● How to complete this task: Repeat the data verbatim, images excluded.

● Information shown:
--- START ---
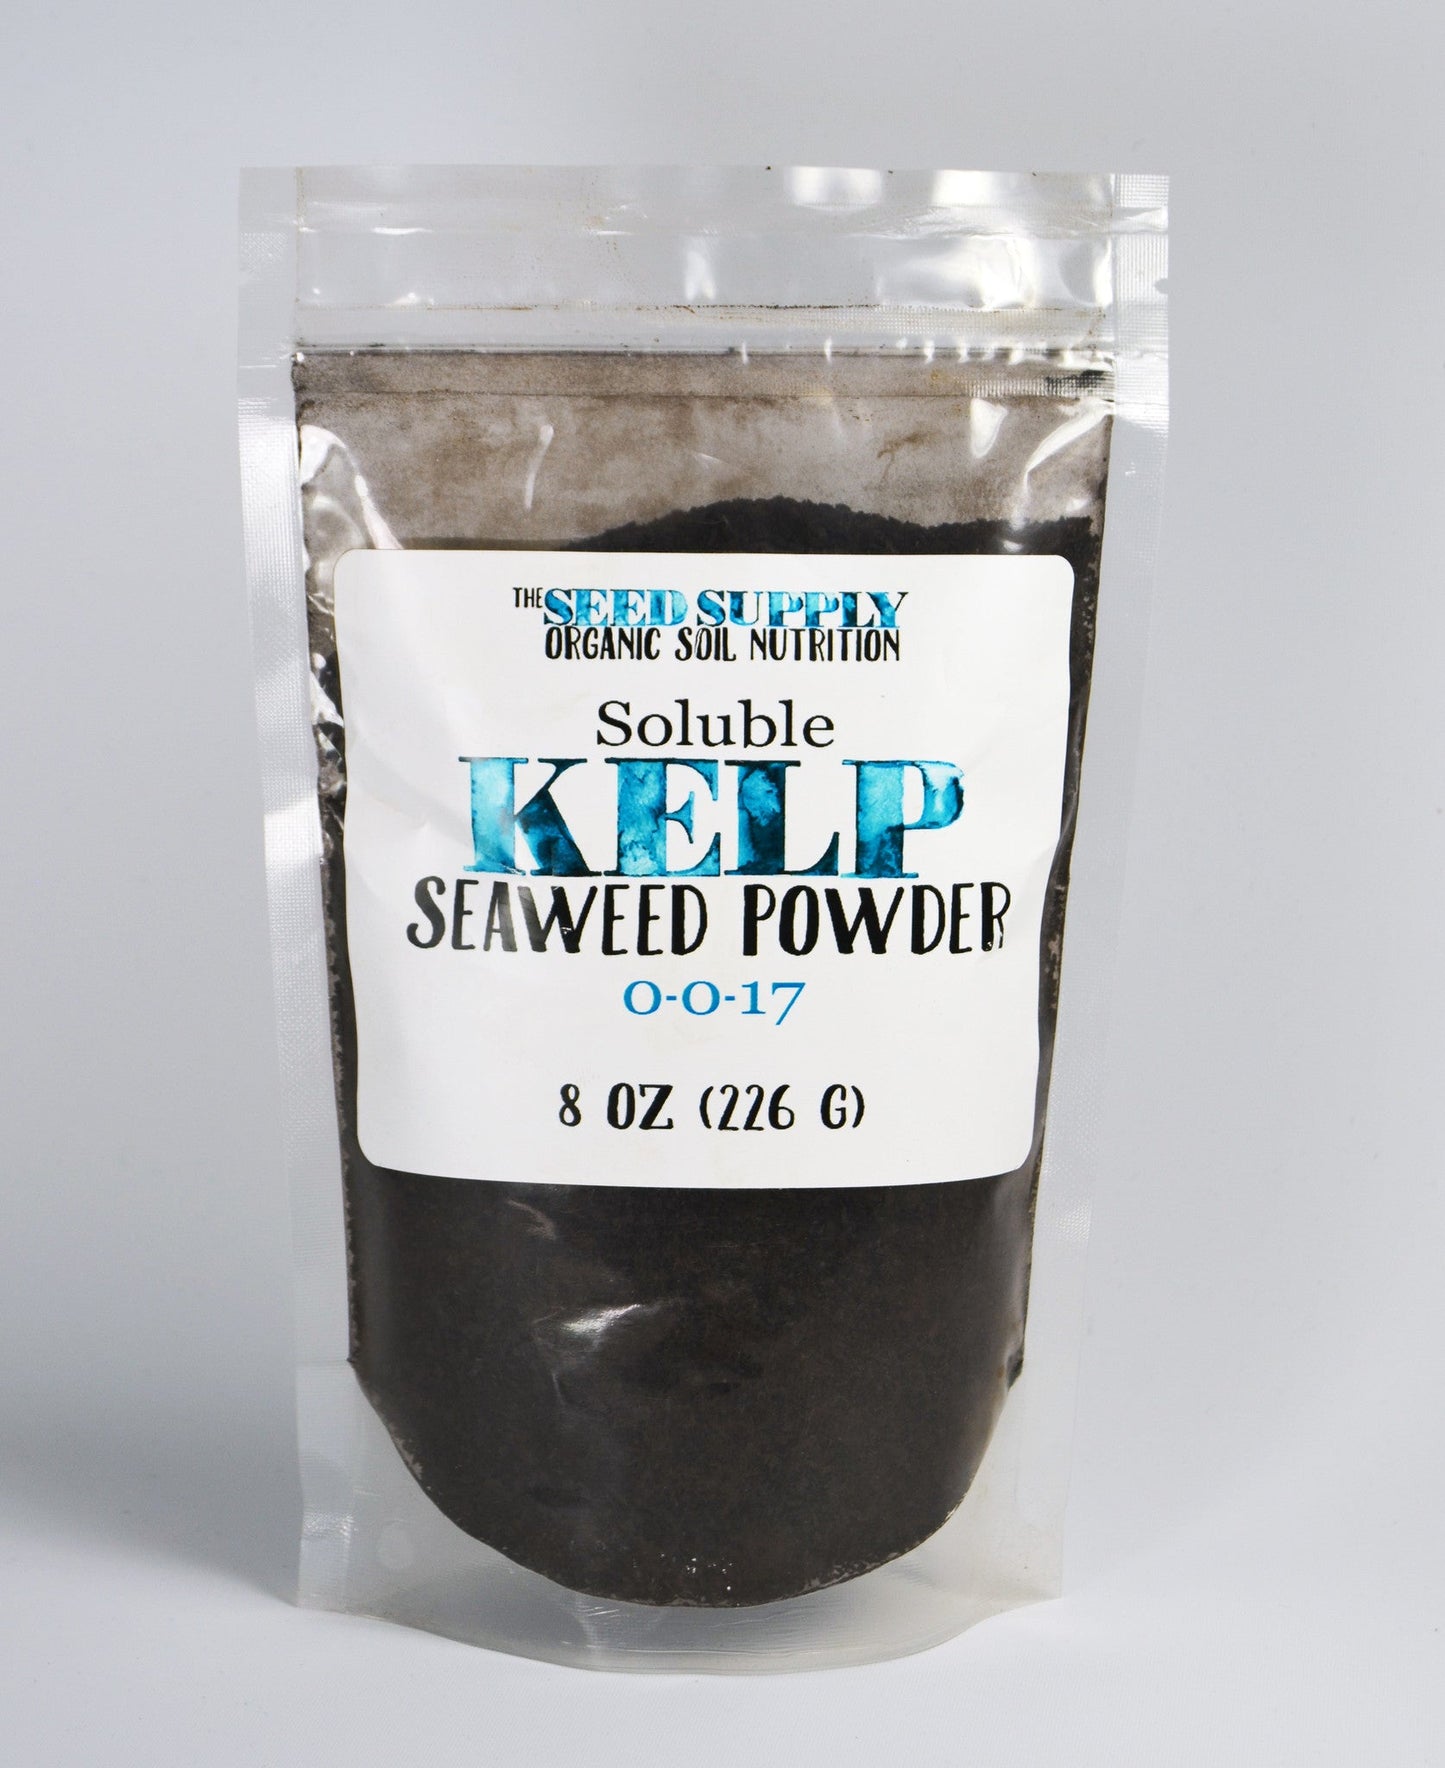 Soluble Kelp Powder - Seaweed Products - The Seed Supply - 5
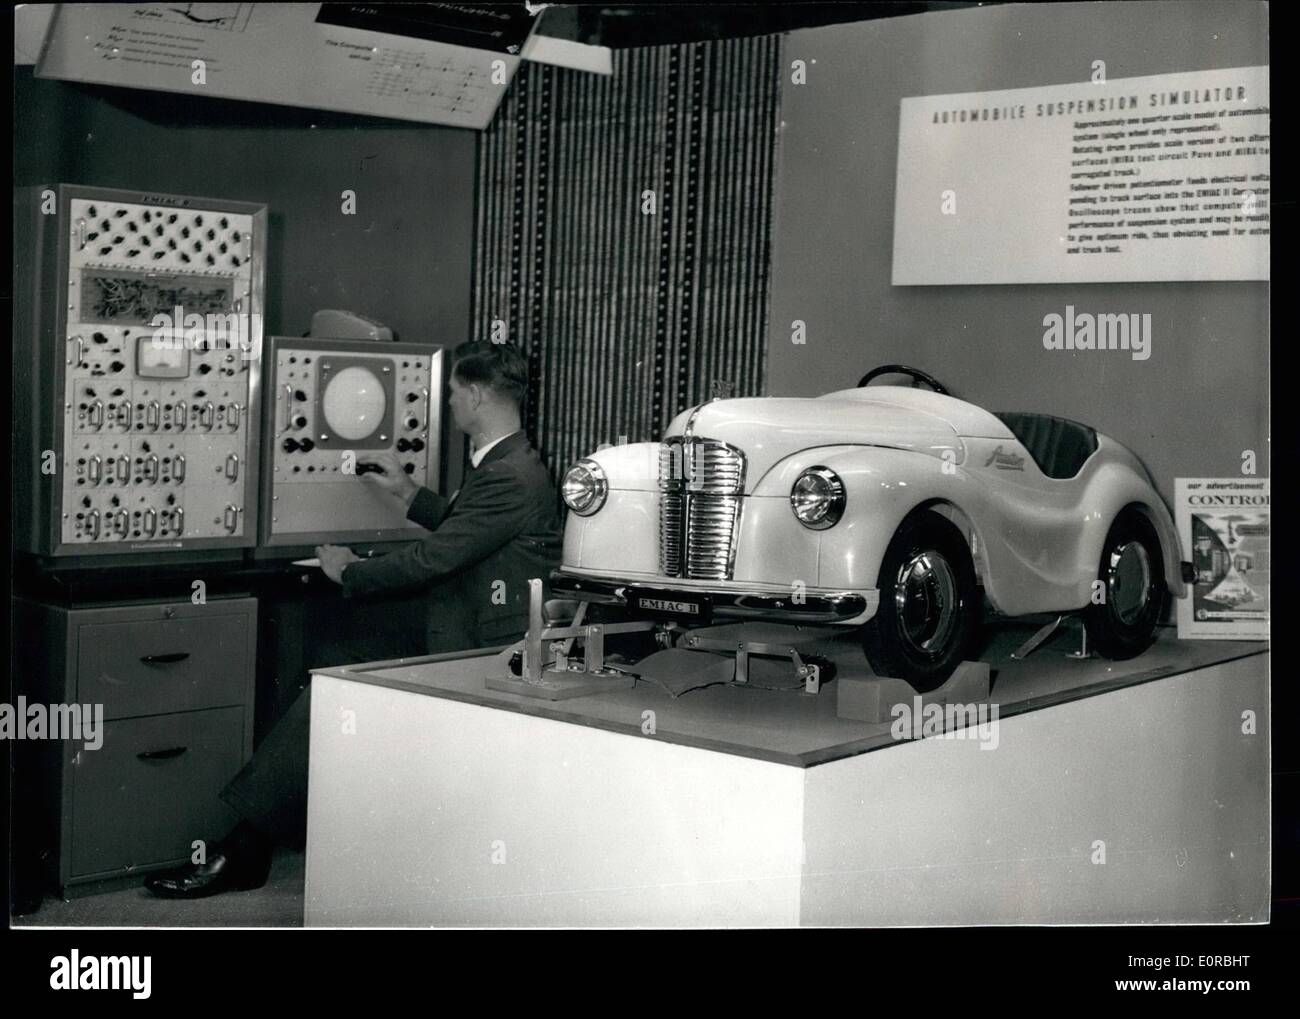 Nov. 28, 1958 - 28-11-58 Lord Mayor opens Electronic Computer Exhibition. The Lord Mayor of London, Sir Harold Gillett this morning opened the Electronic Computer Exhibition at Olympia. Keystone Photo Shows: An operator at the panel controls the Automobile Suspension Simulator, on a model at the exhibition. The quarter scale model shows how E.M.I.A.C.II computer can be used to test car suspension system under varying road conditions. Stock Photo
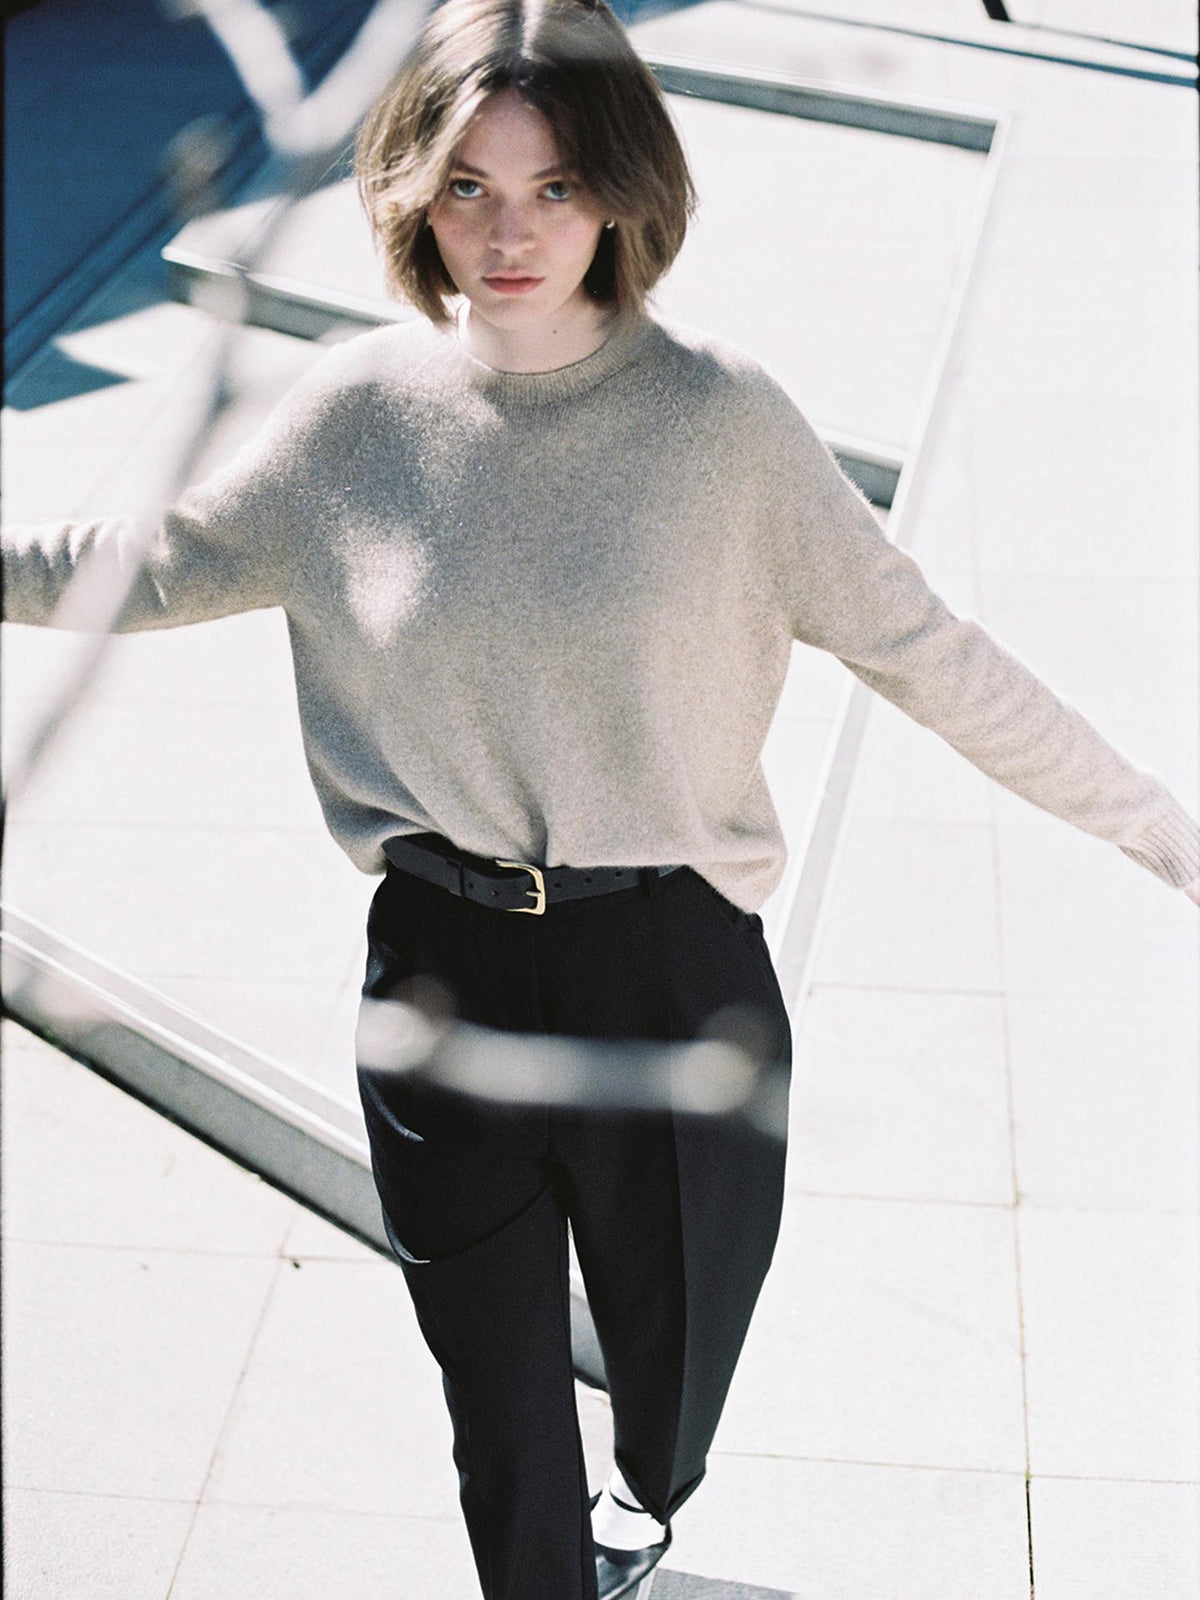 A young woman in a relaxed fit Nimbus Raglan Knit – Natural sweater from Francie and black trousers stands on a sunlit staircase, her hands extended slightly to her sides.
--- END ---
● Answer to this task:
 Soluble Kelp Powder - Seaweed Products - The Seed Supply - 5
 Nov. 28, 1958 - 28-11-58 Lord Mayor opens Electronic Computer Exhibition. The Lord Mayor of London, Sir Harold Gillett this morning opened the Electronic Computer Exhibition at Olympia. Keystone Photo Shows: An operator at the panel controls the Automobile Suspension Simulator, on a model at the exhibition. The quarter scale model shows how E.M.I.A.C.II computer can be used to test car suspension system under varying road conditions. Stock Photo
 A young woman in a relaxed fit Nimbus Raglan Knit – Natural sweater from Francie and black trousers stands on a sunlit staircase, her hands extended slightly to her sides.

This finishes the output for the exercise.